You see God never promised he would take us out of the den. He never said that we wouldn’t go through tough times. On the contrary, he told us we’d have trouble. I think when he said those words he knew that today in our world, Christian husbands and wives would be leaving their marriages, little girls and boys would be being abused by an unsuspected perpetrator. I think he knew that parents would neglect their children, and that mere children, hardly more than babies themselves, would commit murder. I think he knew that, and yet in the midst of it all that, in the middle of it all, he says to us to take heart!

2. That’s our instruction. That’s the second thing he tells us. Take heart! he say. Have courage! Don’t lose sight of the victory that is just ahead for you. I’ve won already and that victory is yours!

We see it in Daniel. This is one of the most interesting bits, I think, about the story of Daniel. It’s so interesting because as a sociologist, I like to look at how people react in circumstances - and I especially love studying the people in the Bible and how they’ve responded to things. Here, in verse 18, we read, "Then the king returned to his palace and spent the night without eating and without any entertainment being brought to him. And he could not sleep. At the first light of dawn, the king got up and hurried to the lions’ den." Can you feel the panic here in the kings attitude. You see, the king got caught in his own decree by listening to evil men. He’s worried to the point of sleeplessness and hunger. Can’t you just imagine him tossing and turning on his royal bed all night? Kind of ironical isn’t it.
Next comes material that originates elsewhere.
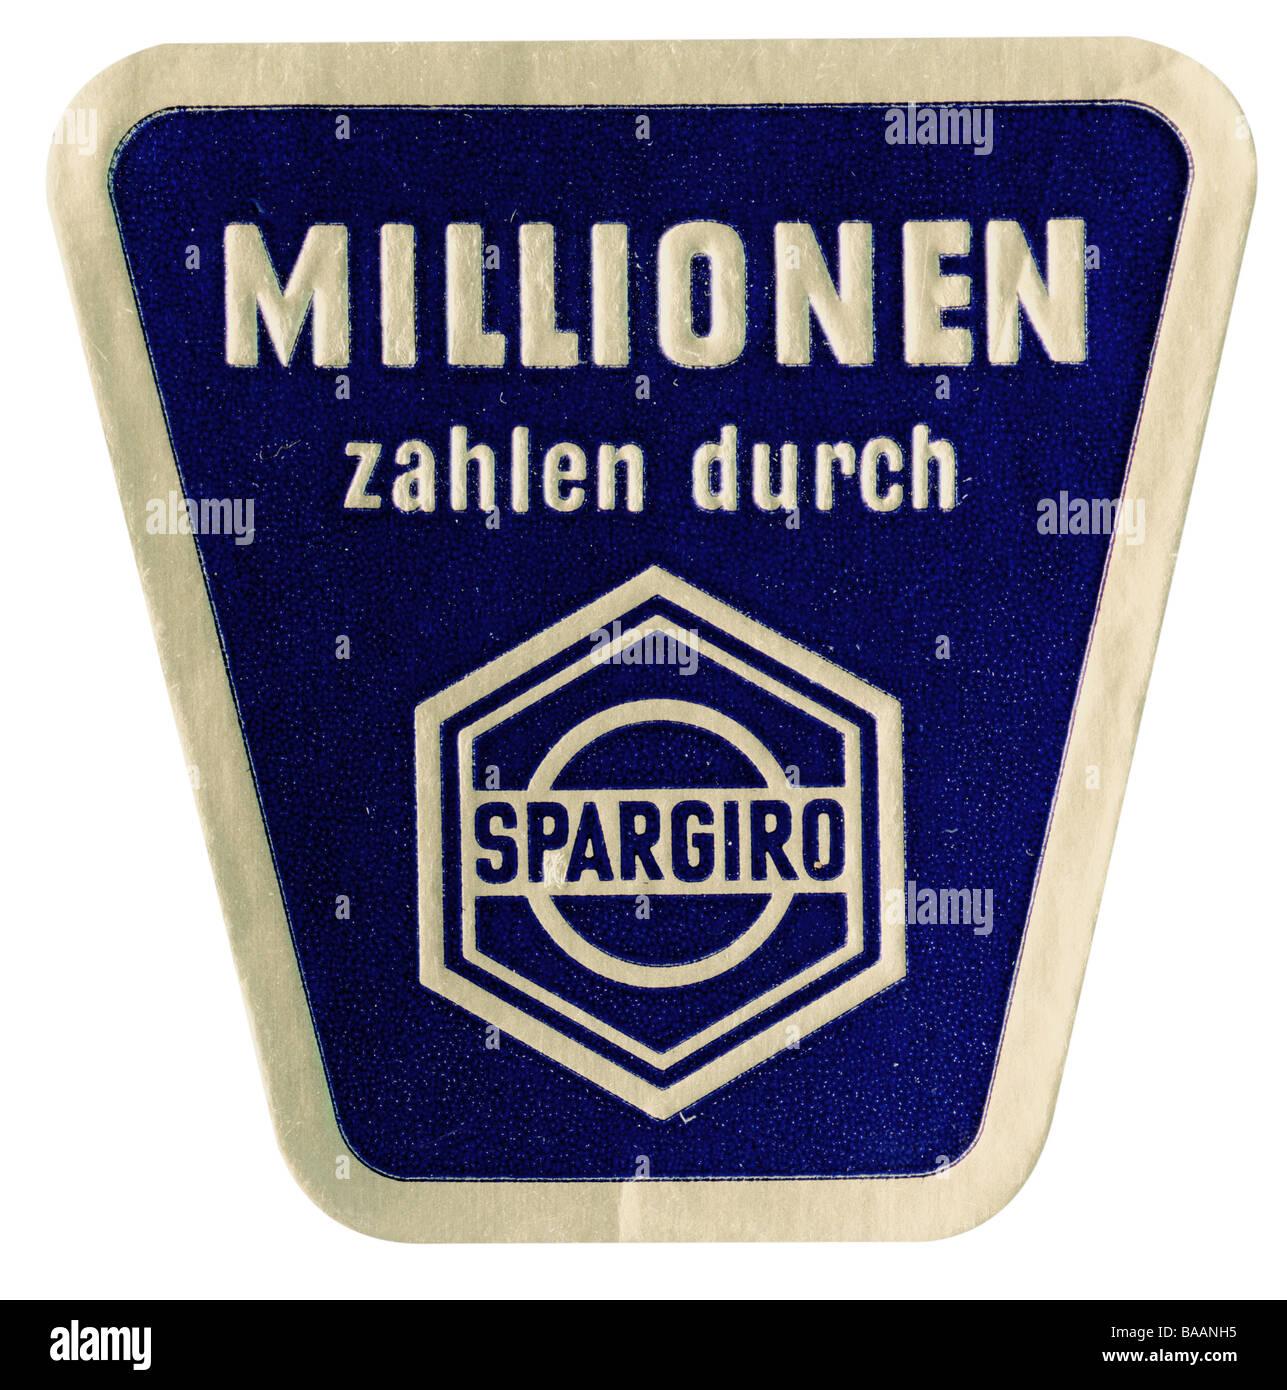 advertising, stamp 'Millionen zahlen durch Spargiro' (million people paying by Spargiro), Germany, 1960s, - Stock Image

And then he gets up at the crack of dawn, rushes to the lions’ den, and before he even gets there starts calling out to Daniel to see if he’s O.K. The verse says when he came near the den, he cried in an anguished voice. Can’t you see him rushing toward the den, maybe he’s still pulling his royal robes around him as he’s running along and he cries out in the most anguished tones, "Daniel, Daniel, servant of the living God, has your God been able to rescue you from the lions?" And echoing up from the depths of the pit full of lions, comes the sure, steady voice of one who put his trust in God, "Oh King, live forever! My God sent his angel, and he shut the mouths of the lions. They have not hurt me."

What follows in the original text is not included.